Fulcrum Strategy is a ‘Community Effort’ to Boost DOD Cyber Foundation
The strategy provides four new lines of effort for how the Defense Department will lead cybersecurity efforts.
The Defense Department is leveraging a new “community effort” to improve its cybersecurity posture across the entire enterprise. On Tuesday, the Pentagon unveiled Fulcrum: DoD Information Technology (IT) Advancement Strategy as the agency’s plan to improve its communications, command and control while preparing the military for the future.
Fulcrum’s four lines of effort are designed to prioritize “user experience and investment in infrastructure that is both agile and scalable to meet the dynamic requirements of operations and opportunities offered by the most modern technologies,” according to an agency statement.
The strategy consists of four lines of effort (LOE): Provide Joint Warfighting IT Capabilities; Modernize Information Networks and Compute; Optimize IT Governance; and Cultivate a Premier Digital Workforce.
“It is called ‘Fulcrum’ because it sits at the nexus between our national security strategy, our strategic management plans, our really big thinking strategies, our workforce implementation strategies, our software modernization strategies, our cybersecurity strategies, and it gives you tangible steps to take to turn that strategic vision into an operational reality,” DOD Deputy CIO Leslie Beavers said during the AFCEA TechNet Cyber conference in Baltimore on Tuesday.
Beavers said that Fulcrum will come with an implementation plan at a later date. The first LOE centers around delivering “user-centric IT capabilities that are functional, scalable, sustainable and secure in today’s dynamic and contested global environments” that will improve the warfighter’s information-gathering and decision-making ability.
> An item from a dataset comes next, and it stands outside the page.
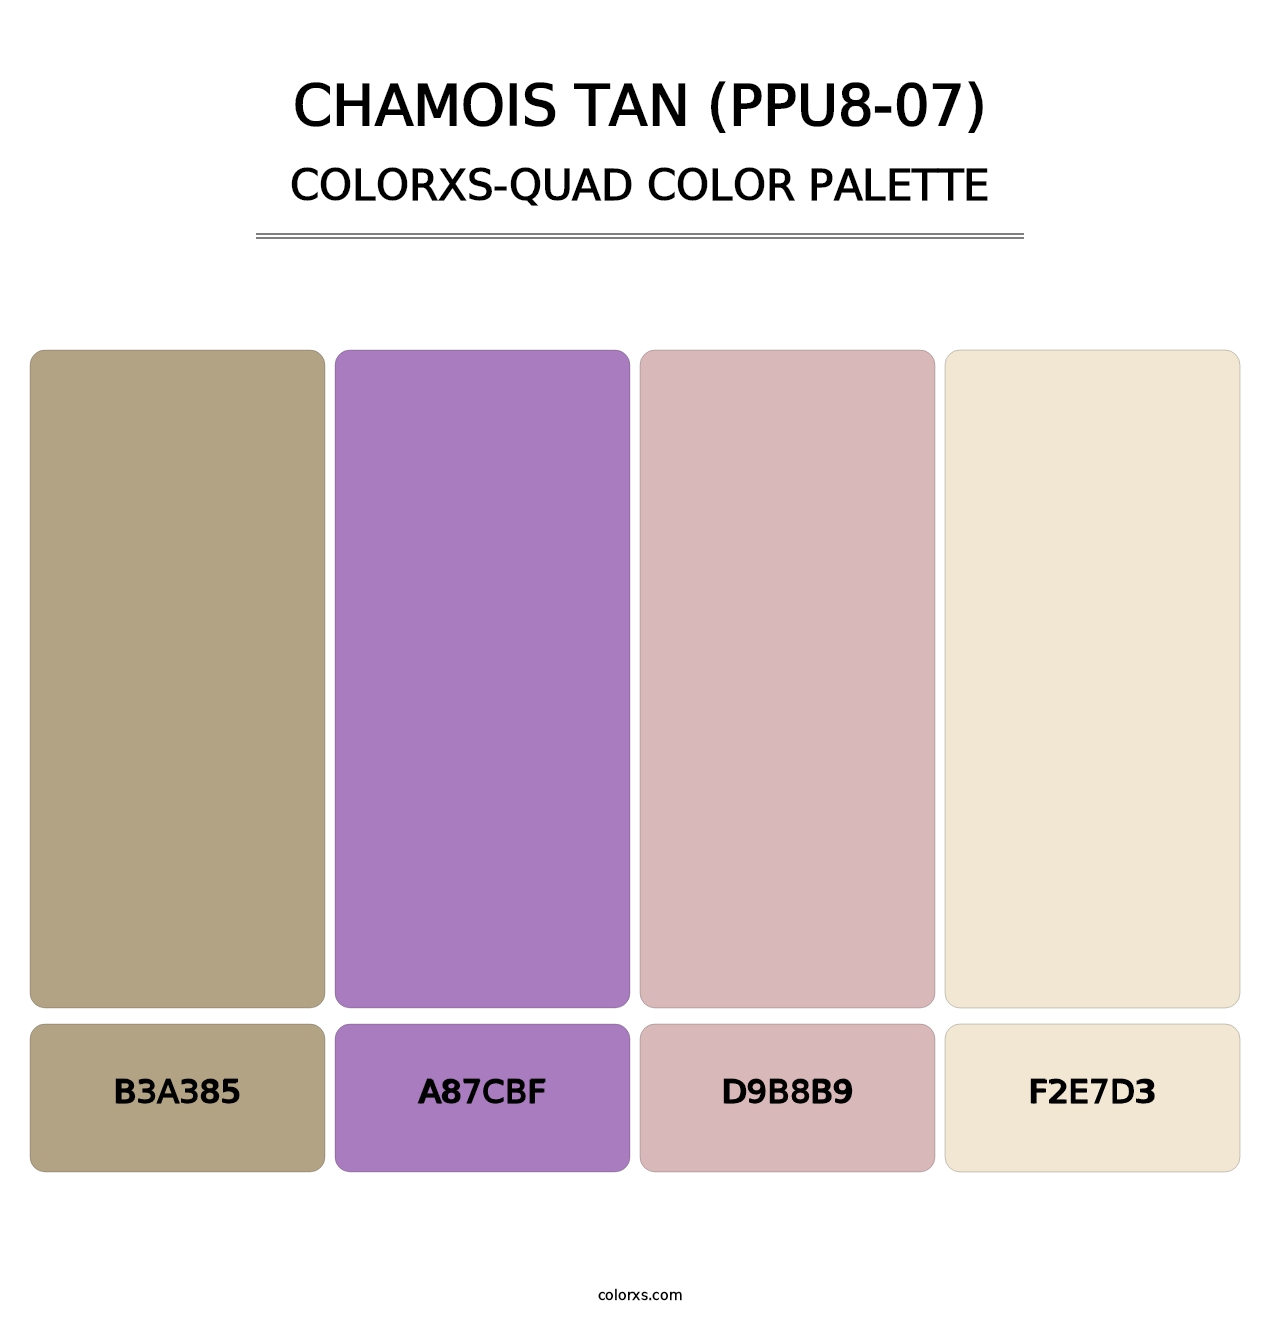 Chamois Tan (PPU8-07) - Colorxs Quad Palette

She added the Zero Trust Portfolio Management Office is leading the second LOE, which is centered around zero trust. She noted that it and the rest of the DOD’s IT cannot be solely responsible for managing zero trust across the agency.
“When I think about zero trust, that means we’re not just defending the perimeter. It’s tagging people, tagging the data, audit, audit, audit. We all have to be part of this security solution. Less than 10% of the workforce, the IT cybersecurity professionals, cannot defend the entire attack space, and we are all under threat,” Beavers said during the event.
Beavers called for specialization in building out security, saying “I think ‘one size fits all’ is never a good answer,” but also emphasizing that specialization still needs to be interoperable in today’s cybersecurity world.
Beavers called identity credential and asset management “foundational to our ability to know who’s on the network and trust each other and interoperate, not just within our joint forces, but within our partner nations.”
Beavers warned that growing pains might stem from Fulcrum, but called it a “cooperation problem, not a technology problem.” The OCIO is collaborating with entities like the CDAO, Army and DIU to experiment and try new innovative technologies.
“Our role within this space is to do pick-and-shovel work to enable the access to the data and integration, and they get to do the flashy tools piece,” Beavers said. “What I think we’re looking at within our cybersecurity division in particular is, how do we incorporate some of those tools into our insider threat or user activity, or just to elevate our ability to accomplish our cybersecurity mission without having to add more people.”